'Alexa, activate carbon credits!' The Mag 7's nature footprint

Amidst the rising resource intensity of data centres, the Mag 7 are embracing renewable energy, carbon credits and venture capitalism, Atharva Deshmukh takes a closer look at their environmental footprint.

As market optimism over the technological prowess of artificial intelligence has soared, so too has investor confidence in the world’s largest companies riding the wave.

A group of seven companies; Amazon, Alphabet, Apple, the Meta Platforms, Microsoft, Nvidia, and Tesla collectively known as the “Magnificent Seven”  or "Mag 7" have come to dominate stock market returns fuelled by optimism over AI. In 2023, the group represented about a third of the S&P500’s market capitalization and almost half of its growth.


Given the scale of their operations and their hefty position in institutional investor portfolios – how, when and at what pace these companies decarbonise is likely to be on investors’ radars.

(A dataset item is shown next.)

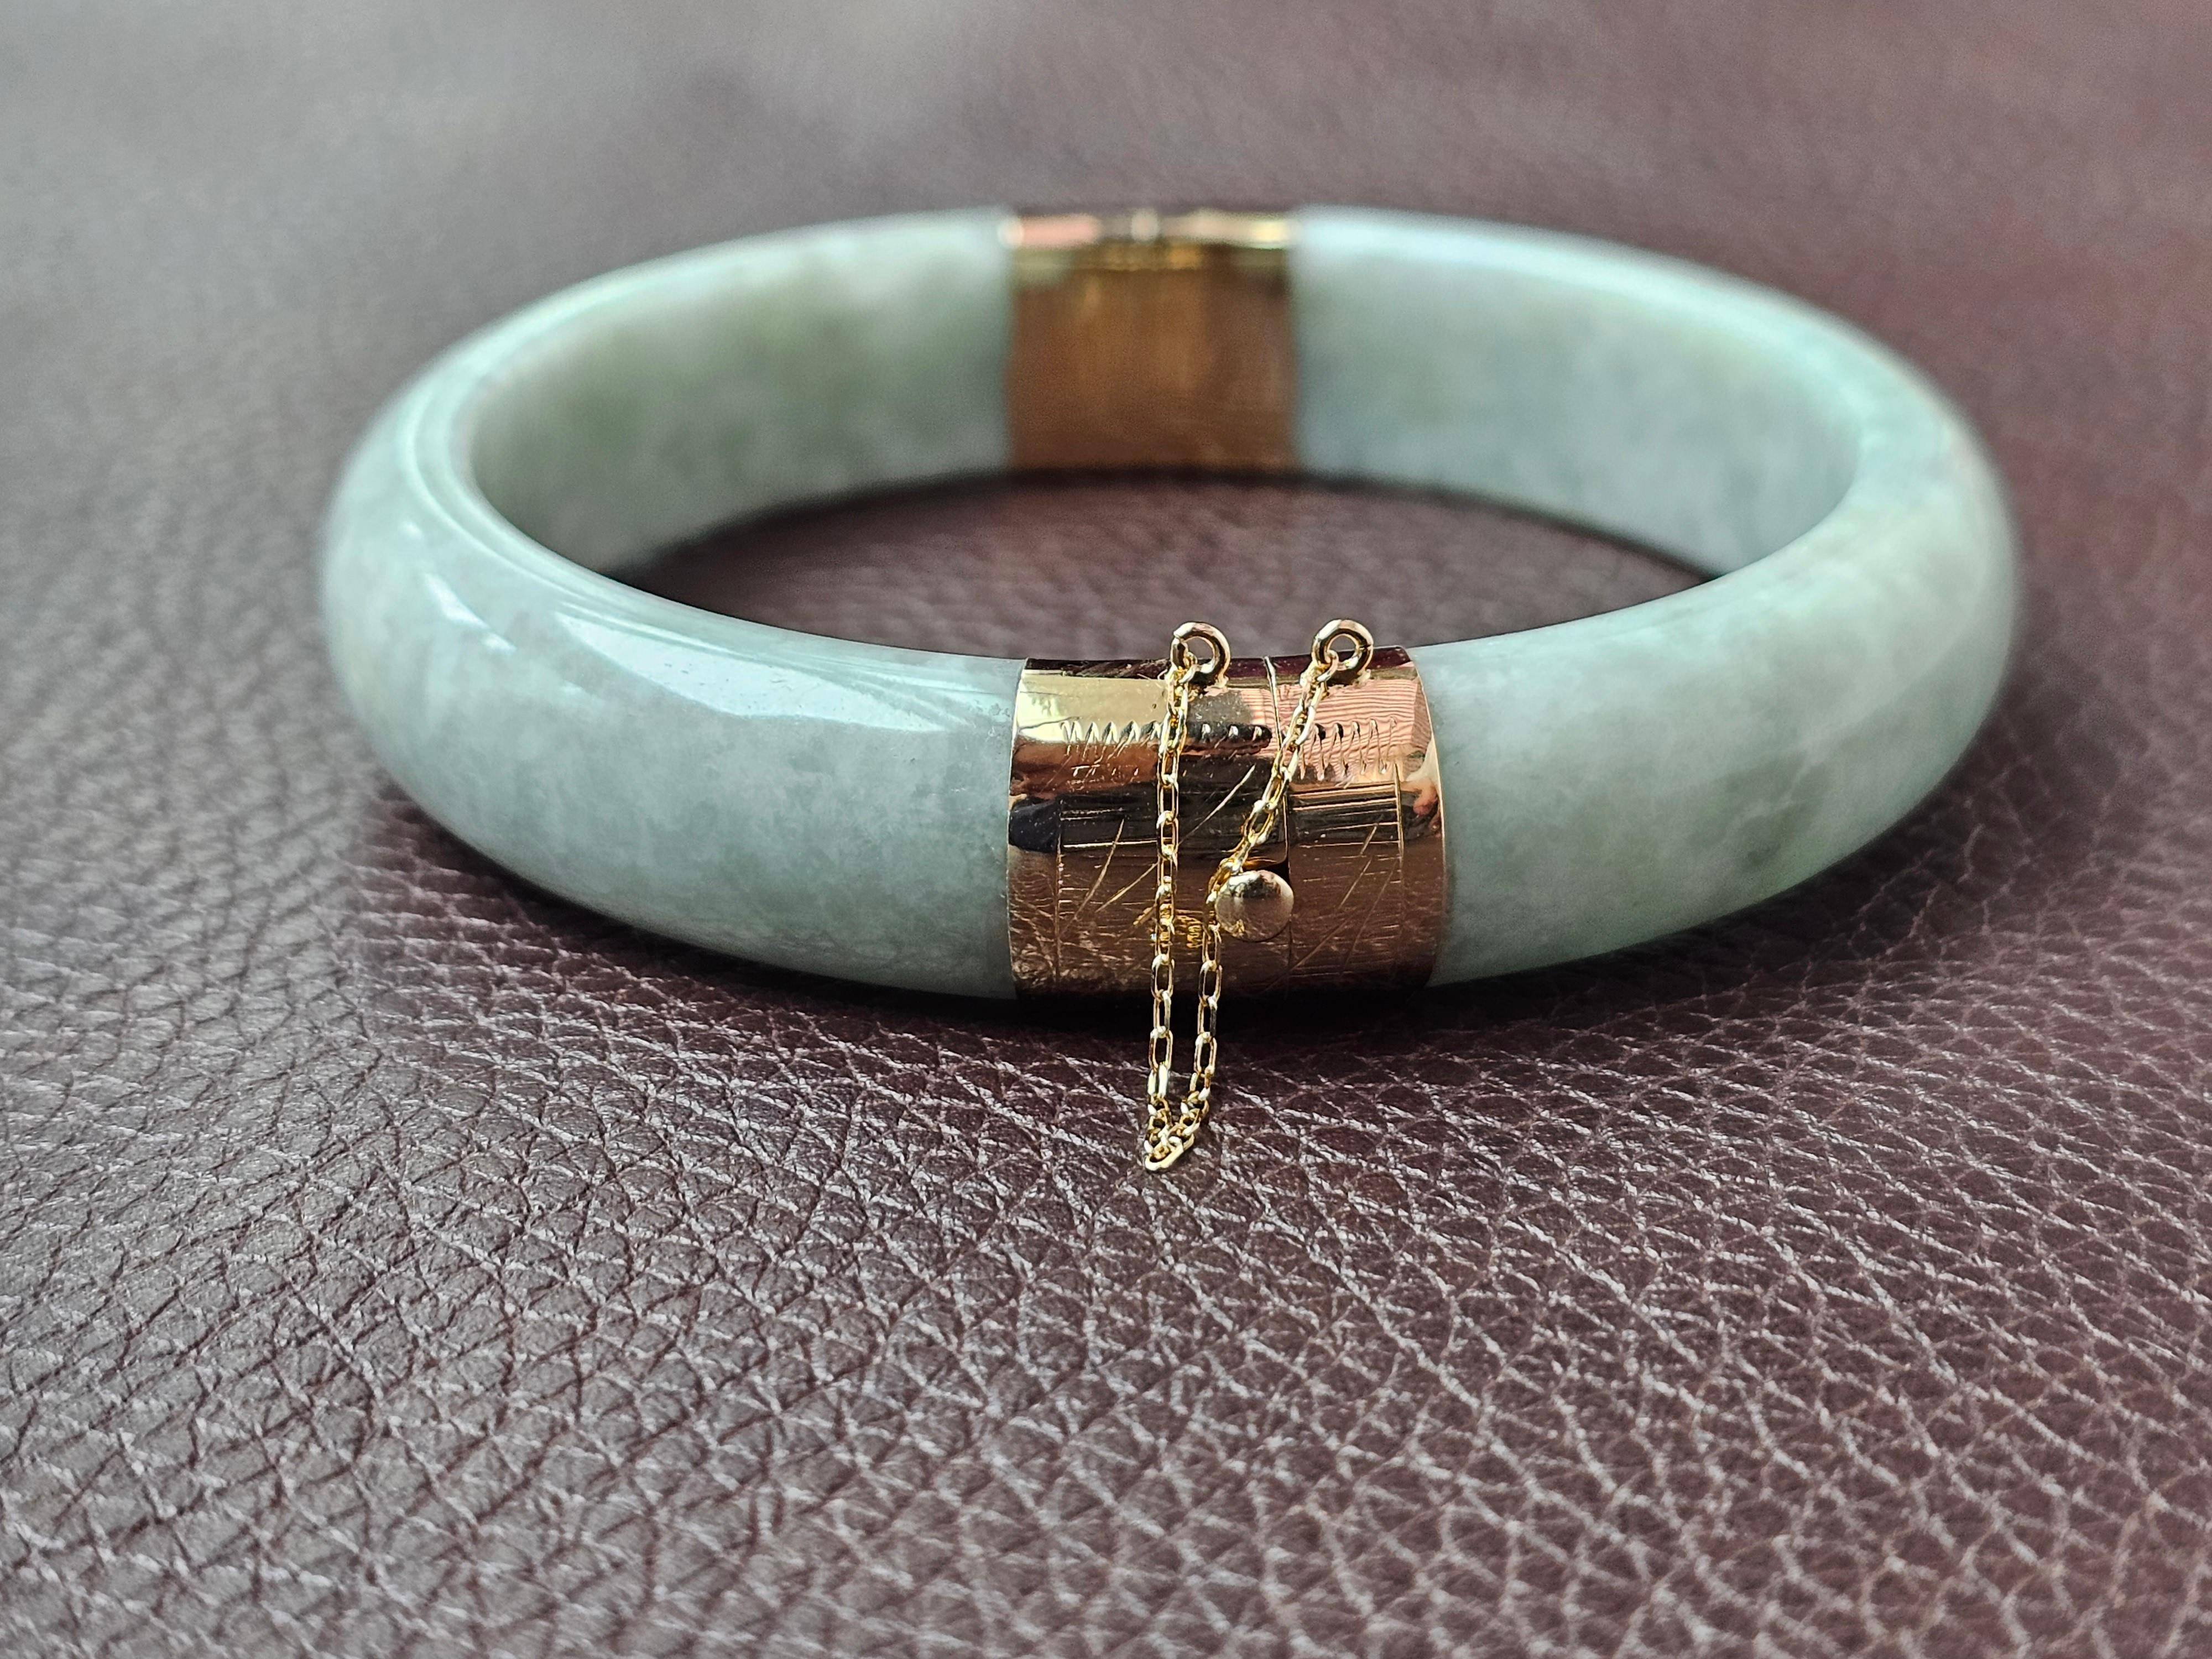 Viceroy's Circular Burmese A-Jade Bangle Bracelet (with 14K Gold) In New Condition For Sale In Kowloon, HK

So, what is the environmental footprint of the Mag 7?  Data extracted from their latest disclosures, holds insights about where things stand and where they are headed.

Water, electricity and Moore’s law

The Mag 7 is a mixed bunch that includes technology behemoths operating extensive electronic equipment supply chains, a social media conglomerate, the inventor of the graphics processing unit, an electric vehicle pioneer and the world’s most powerful search engine.


Yet, they share a common denominator: computing power. If computing power is to proliferate in accordance with Moore’s law (a doubling of ability in every two years), so will the infrastructure that houses it, most notably data centres.  

 

Data centres depend on two key resources – electricity and water.


Take the example of Meta which built its first data centre in 2010 and currently operates 26 data centres across Asia, Europe and the US.  In recent years, Meta’s electricity use has increased, propelled by its data centres.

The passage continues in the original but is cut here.